How to Keep a Phish Alive
Posted by Erik Larkin | Sunday, August 06, 2006 10:37 AM PT
Here's another example, this one out of Defcon here in Vegas, of how phishers and other online criminals work to stay one step ahead of the good guys. To get around attempts to shut down their phishing sites, the bad guys are using a trick with the domain name service, or DNS, that translates human-readable names like www.google.com into the IP addresses that computers use to find their way around on the Internet. DNS is a must-have; the Internet couldn't function without it.
But the crooks are using an otherwise useful, and often free, service called dynamic DNS to keep phishing sites alive. The service lets anyone who signs up for an account link a name to a changing IP address, which is good for things like using a webcam at home.
Problem is, when a phishing site is found and shut down, phishers using dynamic DNS can just start another one at a new IP address and keep the same name. So all those email links pointing to http://stealyourmoney.phishing.com will still work.

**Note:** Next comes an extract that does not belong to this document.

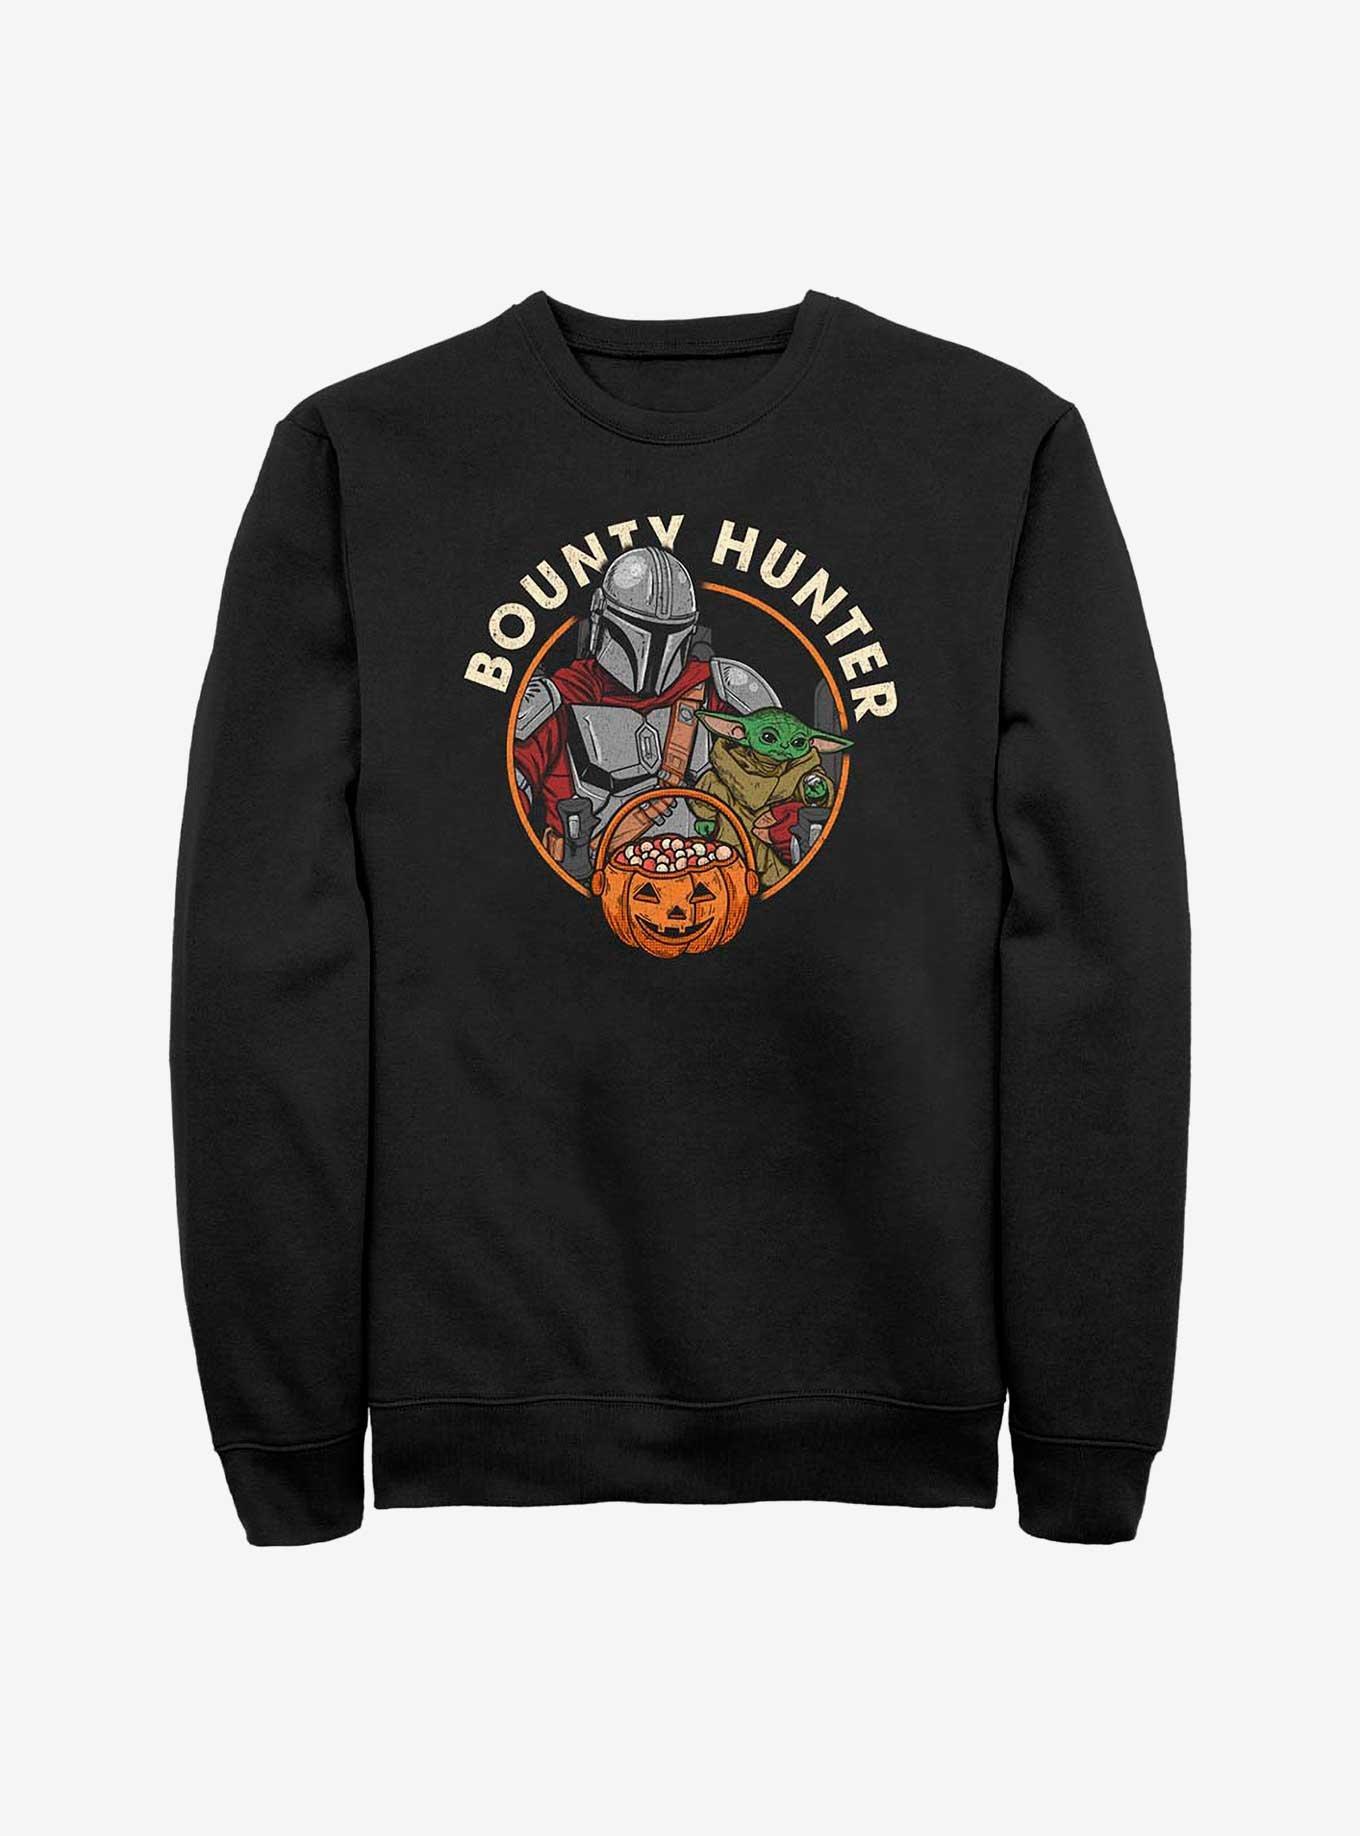 Star Wars The Mandalorian Candy Hunter Sweatshirt, BLACK, hi-res

I found out about this one at a talk from Gadi Evron, who works for an Israeli security company. He says botnet controllers use the same trick to keep the command-and-control centers for their botnets. Used to be that the control servers were a good target, because if you shut them down the botnet was effectively dead in the water. But dynamic DNS allows the same continuous cat-and-mouse game here too.
The people running dynamic DNS fight the criminals, of course, but it's an ongoing battle that for the moment (at least according to Evron) gives the bad guys the advantage. Yet another reason why phishing won't be going away any time soon.
OK, then just register the domain name the phishers had, and keep it out of circulation. This can be that hard to do...
You can't register a name that's already in use. That's the point, the domain name stays the same throughout the entire process, but the underlying IP address changes.
But, if the people running dynamic DNS "confiscated" the phish-namename, so it shows up as being owned (the crooks cannot just re-register it), but it can't be controlled by the crooks, wouldn't that solve this part of the problem?